Friday, May 27, 2011

Hesiod: Voice of the Poet, Voice of the Narrator

Hesiod, detail of a mosaic by Monnus

Stanley Lombardo's translation of Hesiod contains a marvelous introduction written by Robert Lamberton.  I'm especially intrigued by a pair of facts he points out: In Theogony, the author introduces himself as Hesiod--a narrative style we don't really see in Gilgamesh or Homer's epics, and one that is the precursor to modern first-person narration.  And in Work and Days, the author emerges "as an individualized human being with a story and a characteristic, idiosyncratic view of the world"--in other words, as a character himself.

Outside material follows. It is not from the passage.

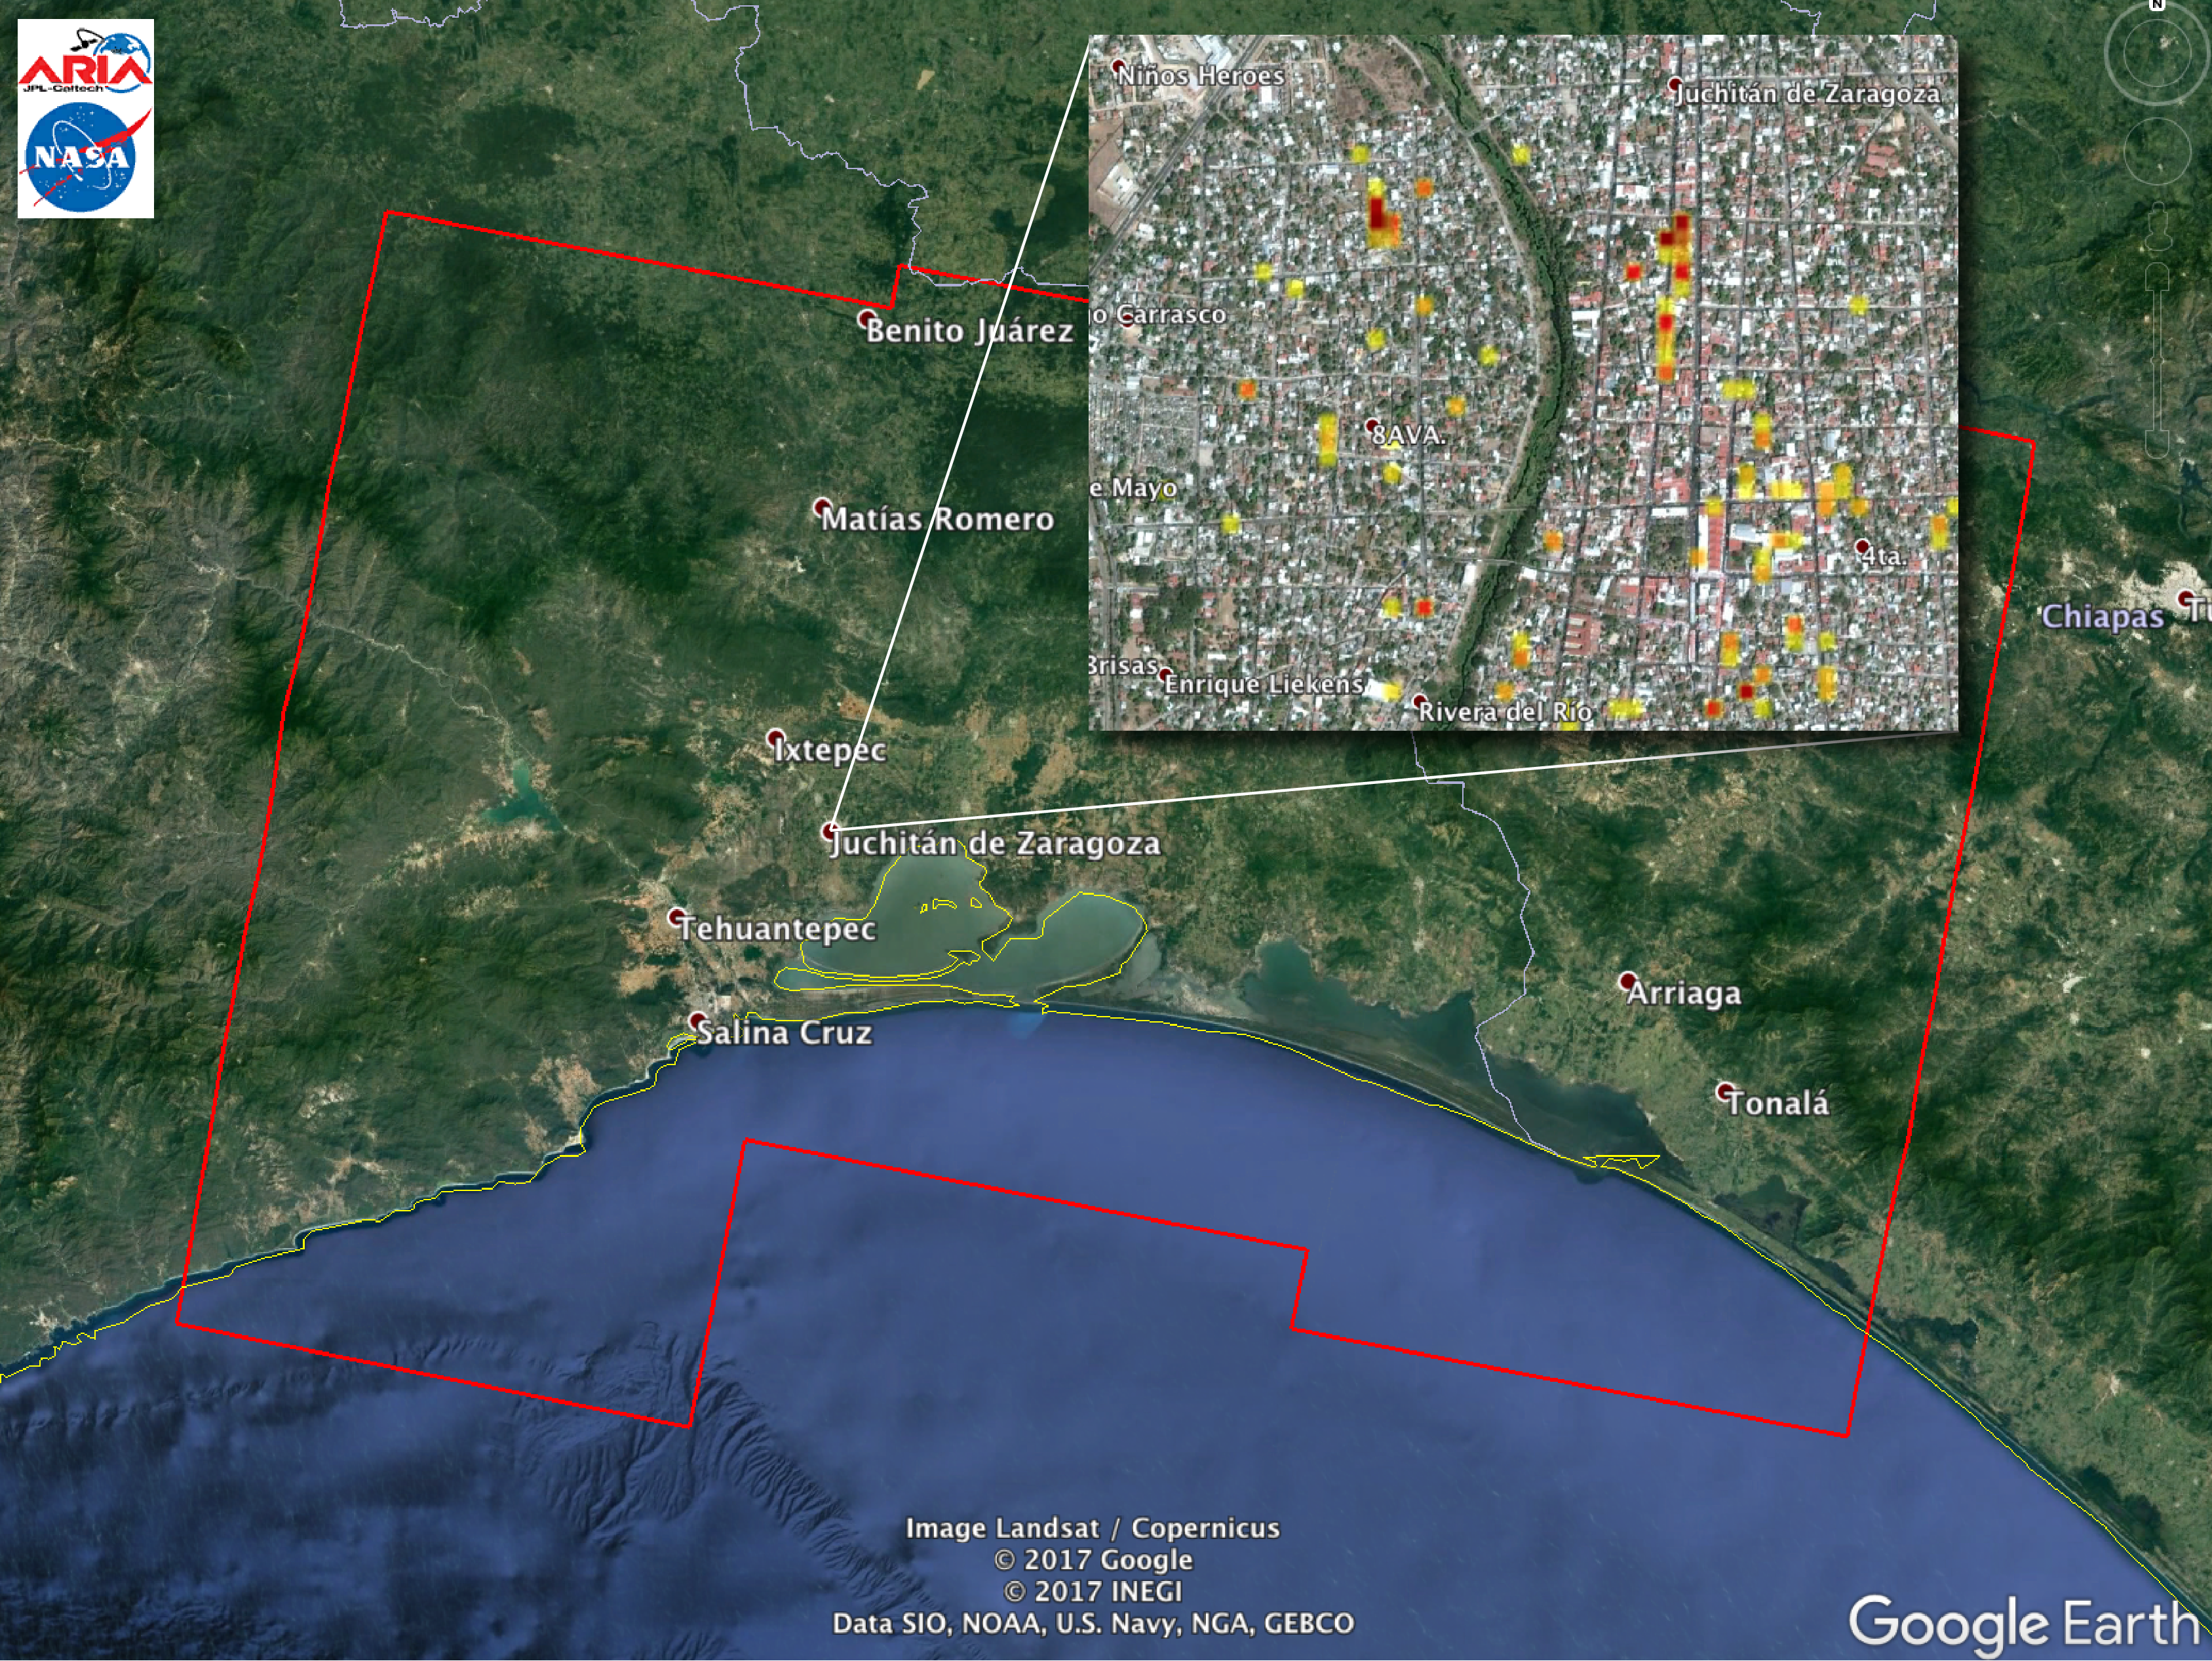 Southern Mexico Earthquake 2017 | NASA Earth Science ...

Is his writing autobiographical?  When Hesiod speaks of his father and brother Perses, is he recounting the truth of his own life enough that we can use the information in our efforts to understand Hesiod's background?

In Work and Days, Hesiod gives Perses a long speech about his family and behavior.  It is important to realize that this is very much a constructed speech which he never would have given in real life--especially since he is presenting family history that his brother would have of course already known.  Instead this speech is designed to be heard or read by an audience.  In other words, as Lamberton says, "Not only Perses, but Hesiod himself, if first and foremost a fiction."

Although it is tempting to take his words as accurate historical information, it is equally possible that his whole story of inheritance "can very easily be imagined as pure invention, a fiction that has no relationship to the real world."

So Hesiod uses some devices that work against a literal reading.  They make for something almost universal or mythical in tone.  But throughout his writing, Hesiod also uses very specific details that make his work have the ring of truth, of autobiography.  Is the narrator the same as the poet?  Not really.  Are the facts that the narrator speaks the facts of the poet's life?  We have no idea.

This emergence of the individual narrator is a central development in western literature--one that Lamberton argues succeeds in "personalizing the speaking voice and inventing a narrator with an identity and a personality."  Perhaps it is that construction that sparks the almost-confessional lyric poetry about to come on the scene.  Fascinating.